▶ _HOW TO COMPLETE THIS TASK_
An exact restatement of the data below, with the pictures removed, is the required answer.

▶ _DATA SECTION_
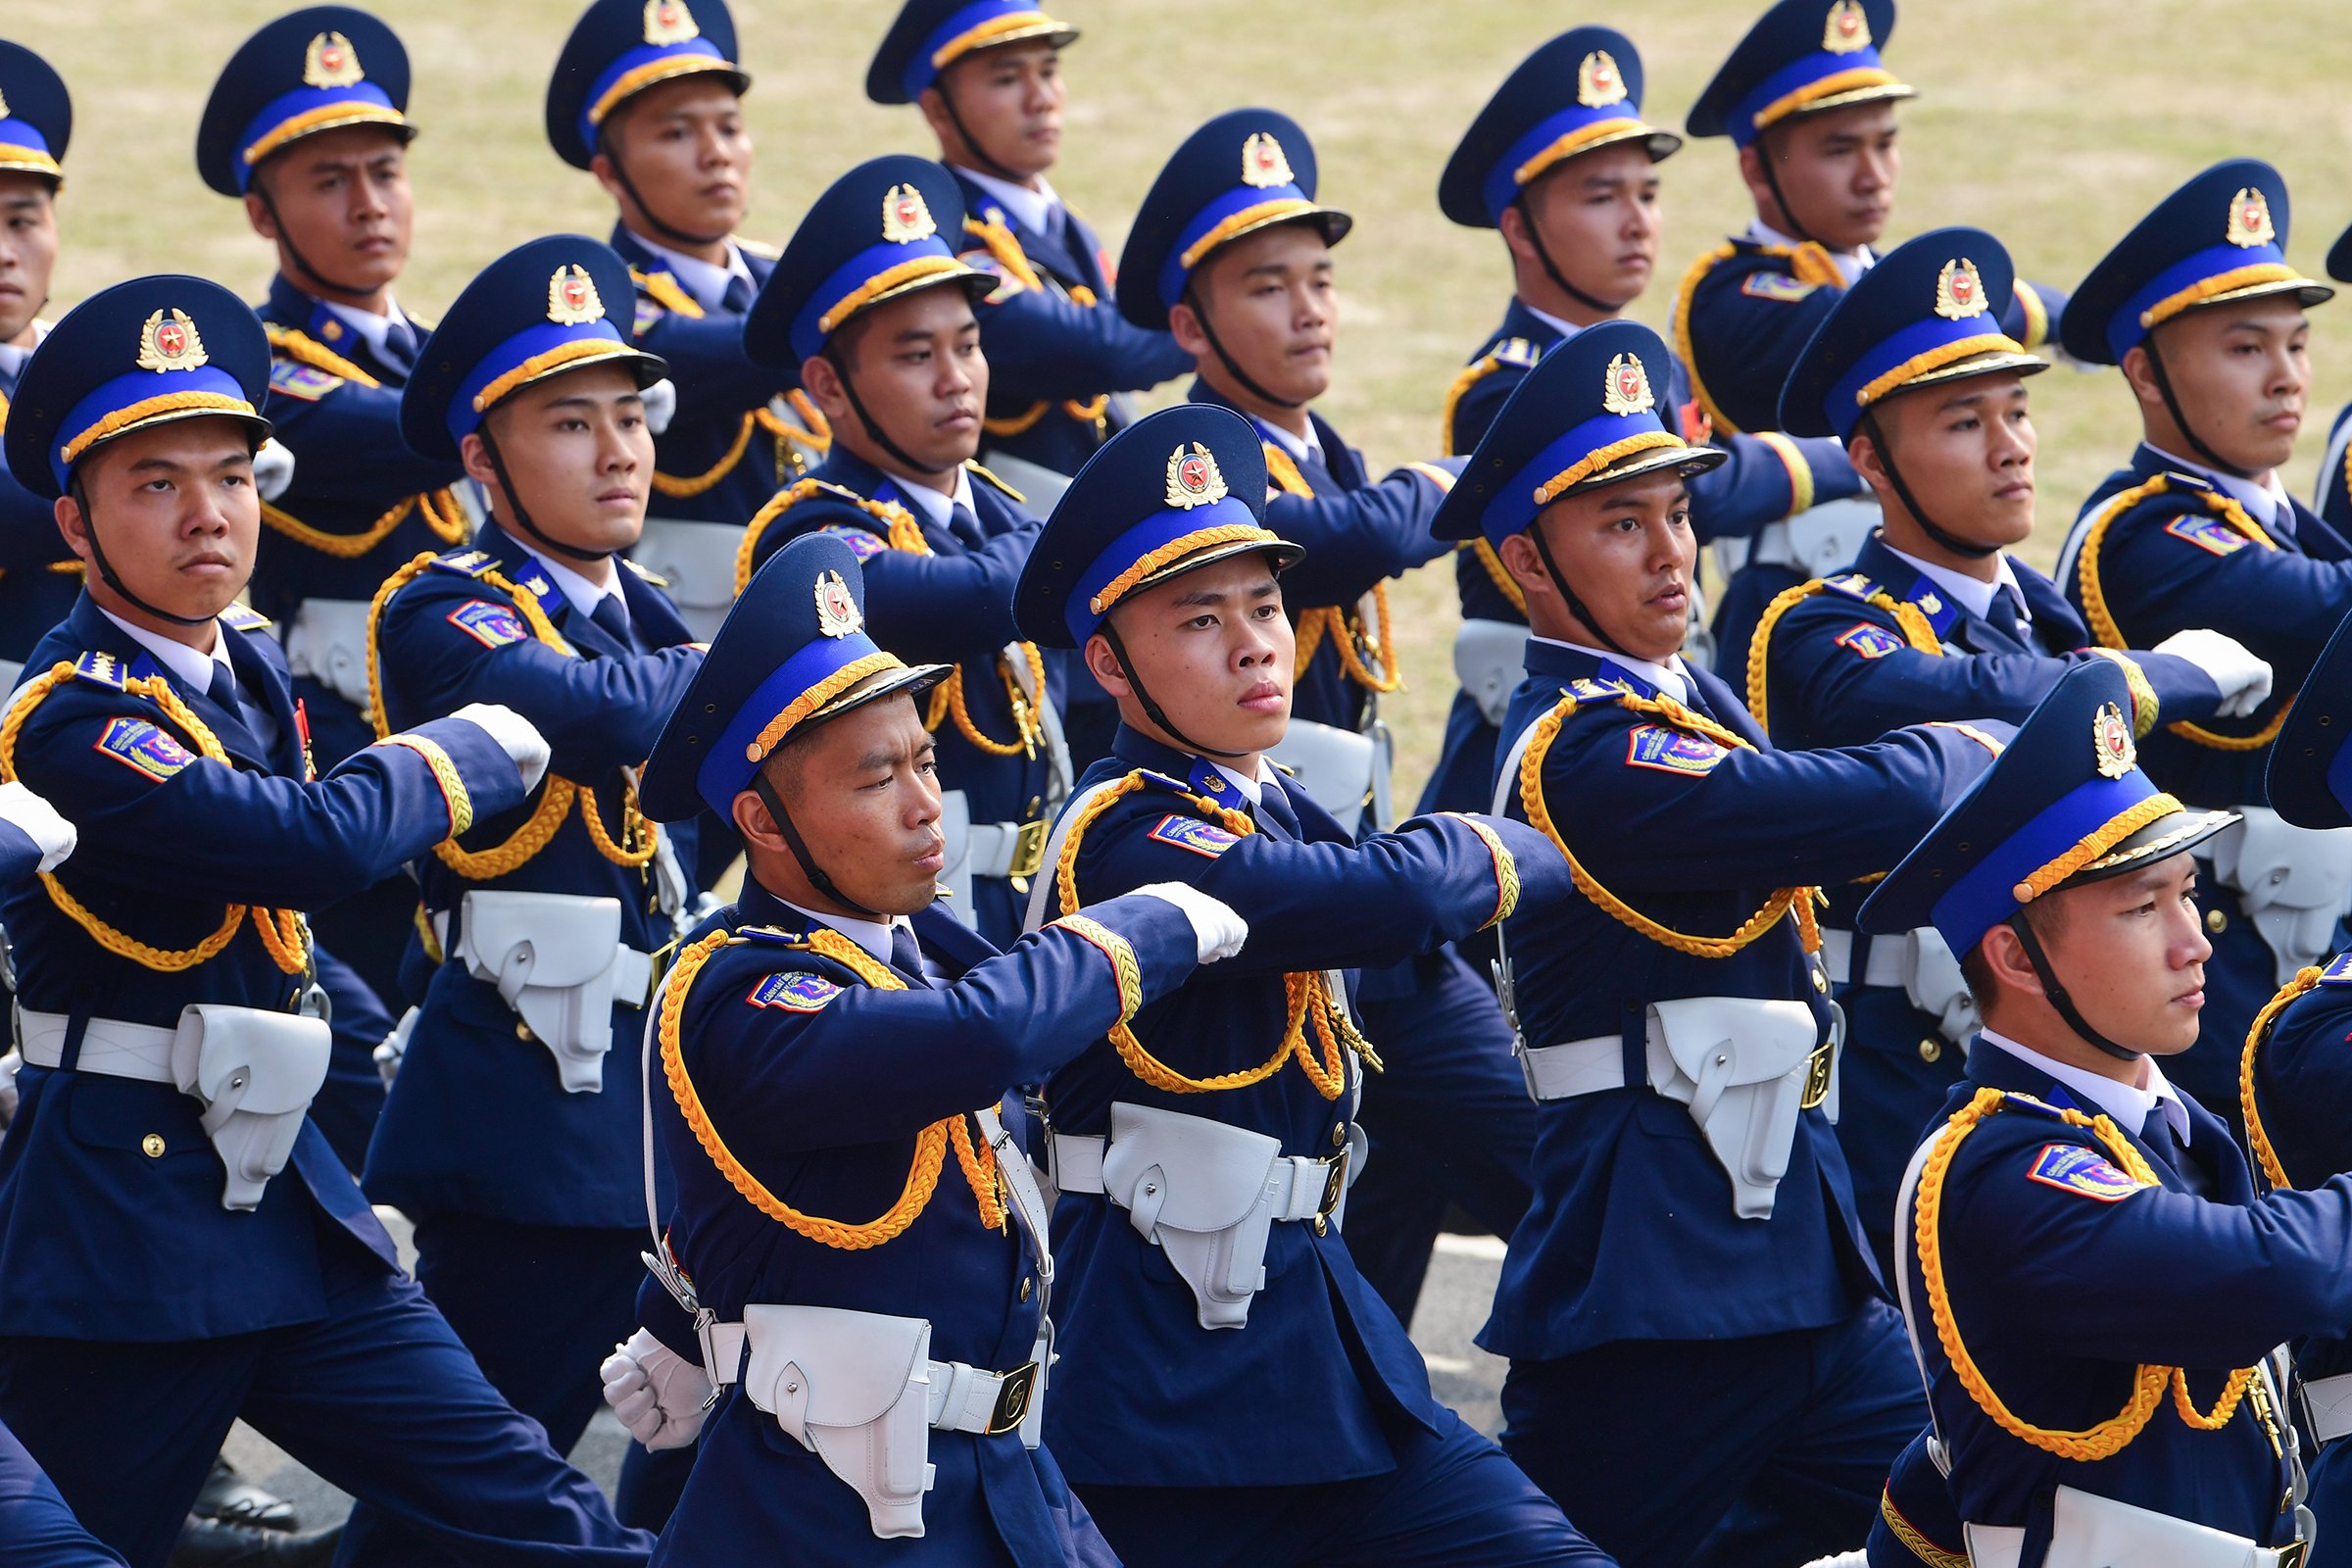 Lễ diễu binh oai hùng và đầy tự hào của 12.000 người - những hình ảnh đi vào lịch sử ở Điện Biên Phủ- Ảnh 15.
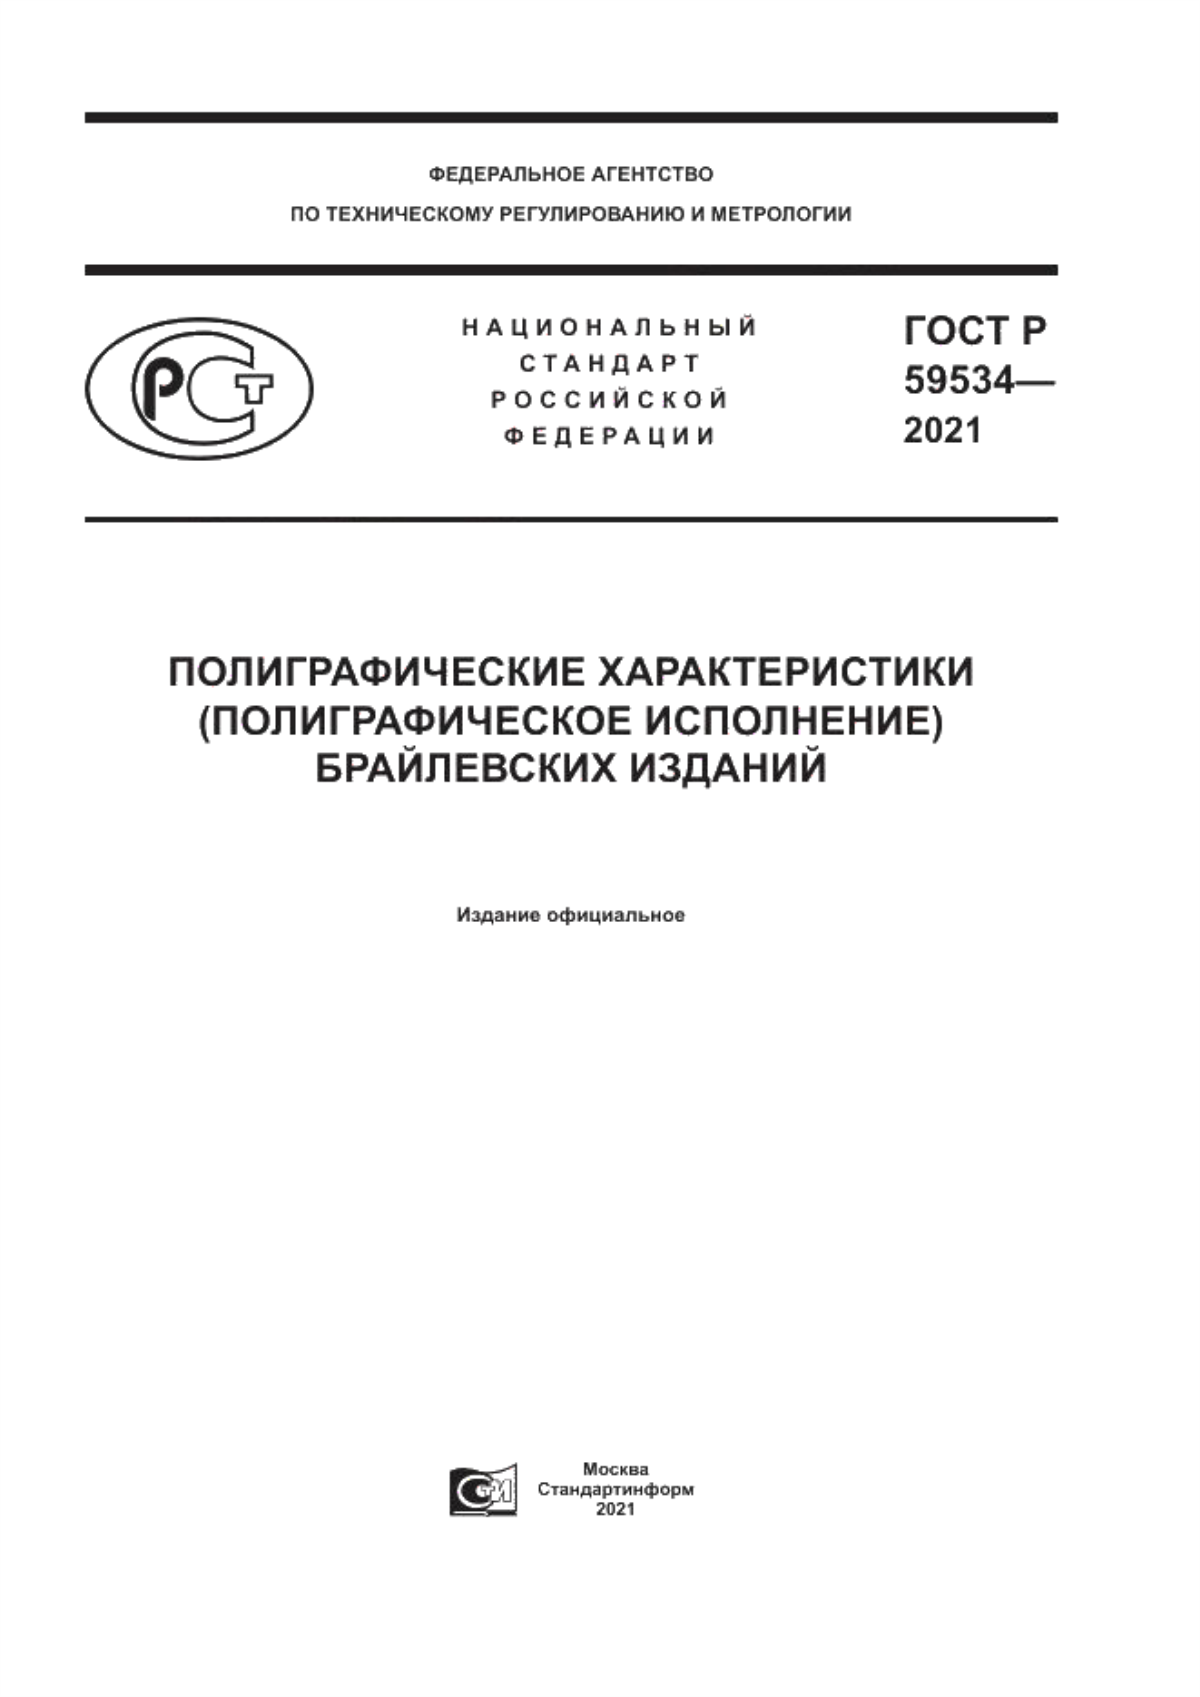 ГОСТ Р 59534-2021 Полиграфические характеристики (полиграфическое исполнение) брайлевских изданий
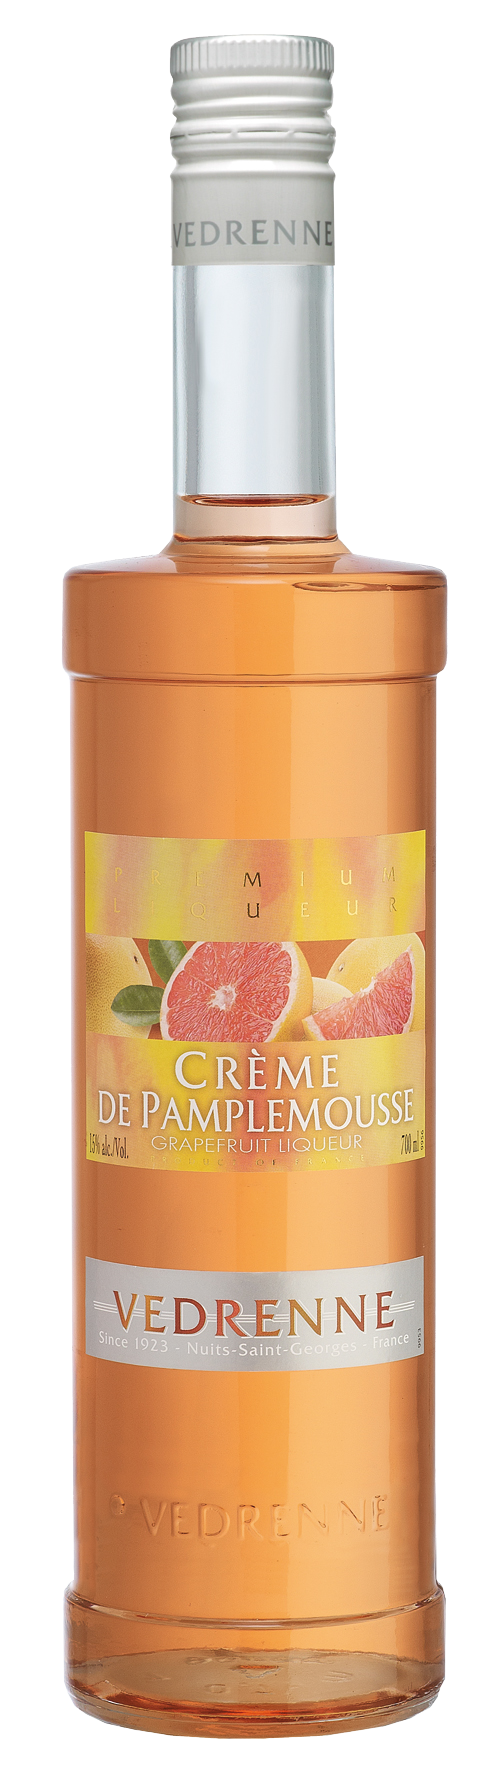 Crème de Pamplemousse VEDRENNE 15% - 70cl

▶ _YOUR RESPONSE_
 Lễ diễu binh oai hùng và đầy tự hào của 12.000 người - những hình ảnh đi vào lịch sử ở Điện Biên Phủ- Ảnh 15.
 ГОСТ Р 59534-2021 Полиграфические характеристики (полиграфическое исполнение) брайлевских изданий
 Crème de Pamplemousse VEDRENNE 15% - 70cl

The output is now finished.